RBG Lays Down a Rule About a Rule

Unlike statutes, the federal rules of appellate procedure were created by the courts to promote order in litigation.  Hamer v. Neighborhood Housing Servs. of Chicago, 583 U.S. ____, 183 S. Ct. 13, 17 (Nov. 8, 2017).  While time limits in statutes cannot be waived by the parties, defects in timeliness arising under rules can. Id.
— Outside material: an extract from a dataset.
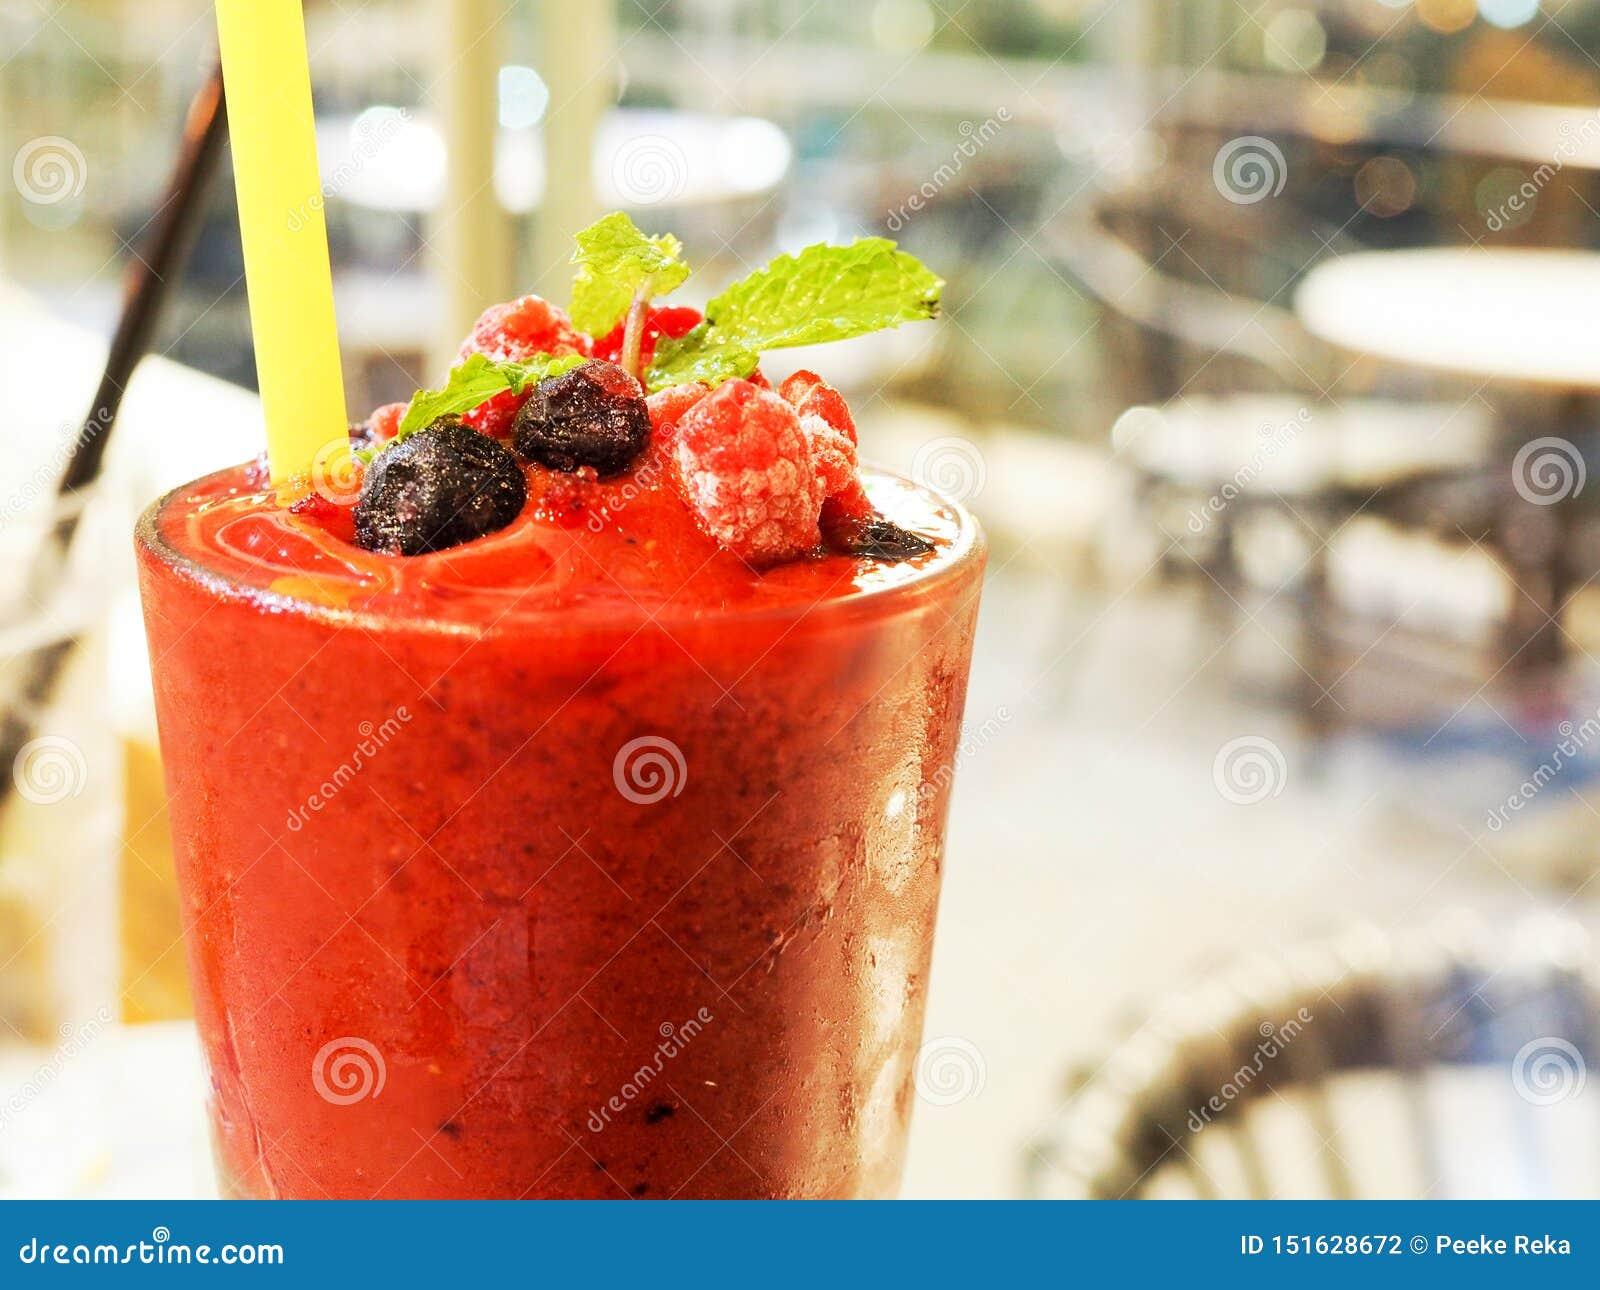 夏天thirst-quenching饮料用红草莓汁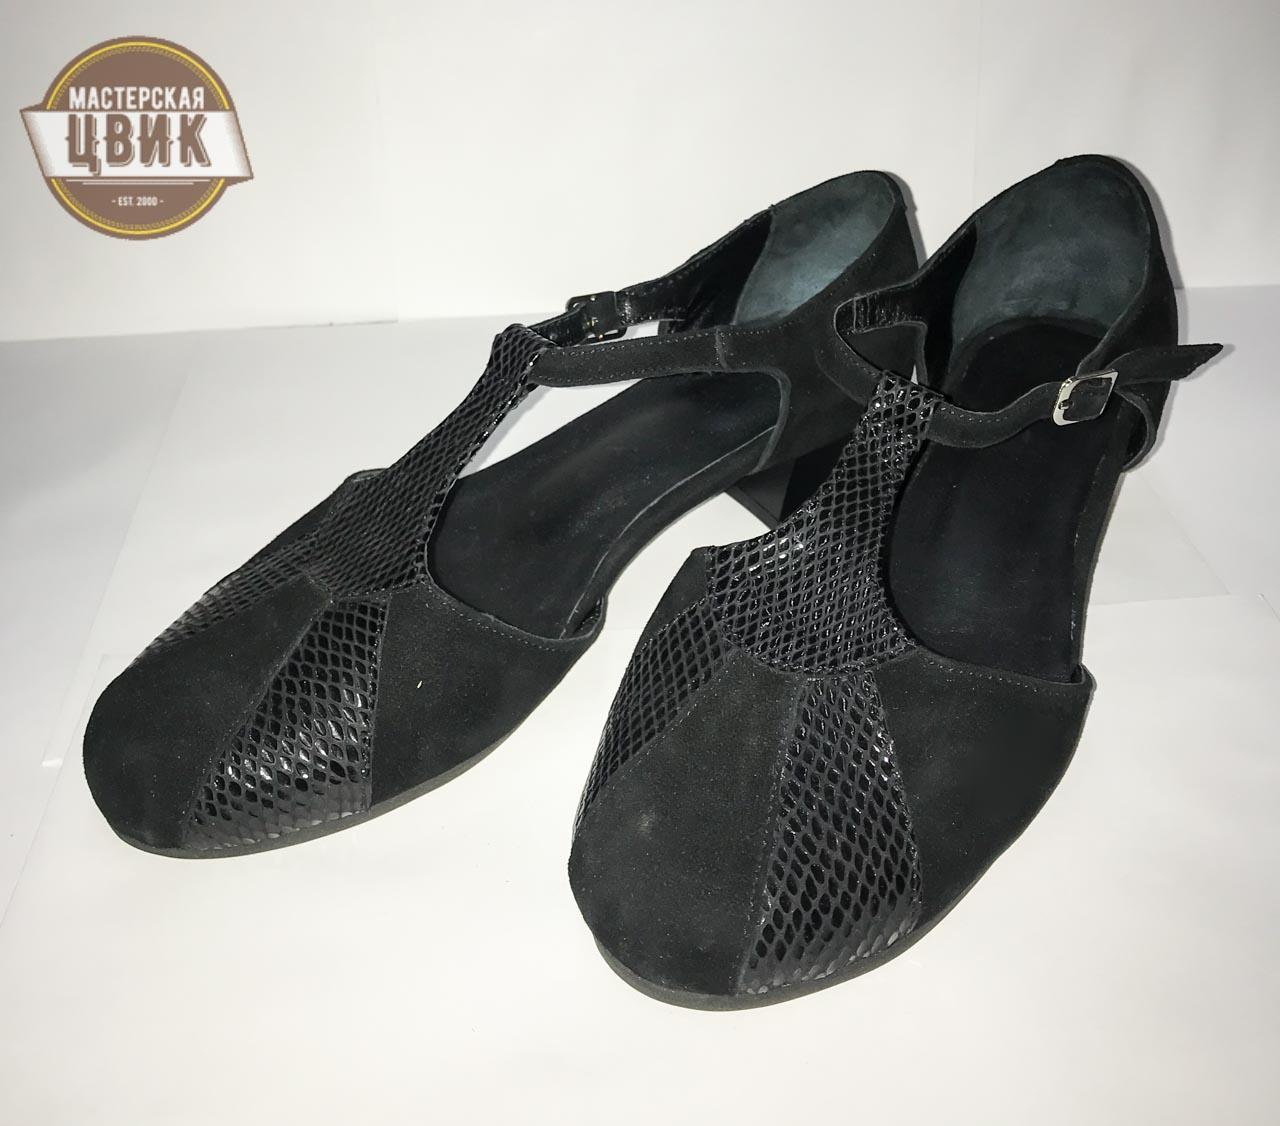 individualnyj-poshiv-obuvi-minsk-17 Индивидуальный пошив обуви

Normally, an appeal from a federal district court to a court of appeals must be filed within thirty (30) days from the entry of the judgment or order.  FRAP 4(a)(1)(A).   A party can move the district court for an extension of the time to appeal.  FRAP 4(a)(5)(A).  The district court can only grant an extension of “30 days after the prescribed time or 14 days after the date when the order granting the extension is entered, whichever is later.”  FRAP 4(a)(5)(C).

The respondents tried to argue that FRAP 4(a)(5)(C) had a “statutory basis” because it is similar to an actual statute, 28 U.S.C. 2107(c).  However, 28 U.S.C. 2107(c) only applies if the appellant did not have notice of the judgment against them.   Hamer was well aware of the order ending her lawsuit.

Because Hamer’s time period to appeal arose from a rule, the Seventh Circuit should not have dismissed her appeal for lack of jurisdiction.  According to RBG, time limitations are only jurisdictional if they are prescribed by Congress.  Time periods for appeals found in the rules may be waived or forfeited.  On remand, the Seventh Circuit will need to decide whether Neighborhood Housing Services’ failure to object to the 60-day (as opposed to 30-day) extension waived any right to contest the timeliness of Hamer’s appeal, and/or whether it should hear the appeal because Hamer relied on the district court’s error in allowing her to file her appeal 60 days after the order dismissing her case.

Moving Forward under Hamer

Hamer is the final say in long debate among the federal appellate courts as to whether an appeal must be dismissed when it is untimely under the Federal Rules of Appellate Procedure or whether the courts may excuse the untimeliness.

Moving forward under Hamer, federal litigants need to be aware of the following:

(1) If your timeline to appeal arises under a statute, you need to file within that timeline;

(2) If your timeline to appeal arises under a rule, you should still file within that timeline, but your failure to do so may not always result in dismissal;

(3) If you are responding to an untimely appeal that was filed pursuant to a rule, object to its untimeliness or the federal court can treat your untimeliness objection as “forfeited” and hear the appeal anyway.

Whatever you do, follow the rules.  Although untimeliness may be forgiven in some cases, I highly doubt an appellate court is going to forgive an untimely appellant who simply disregarded the rules.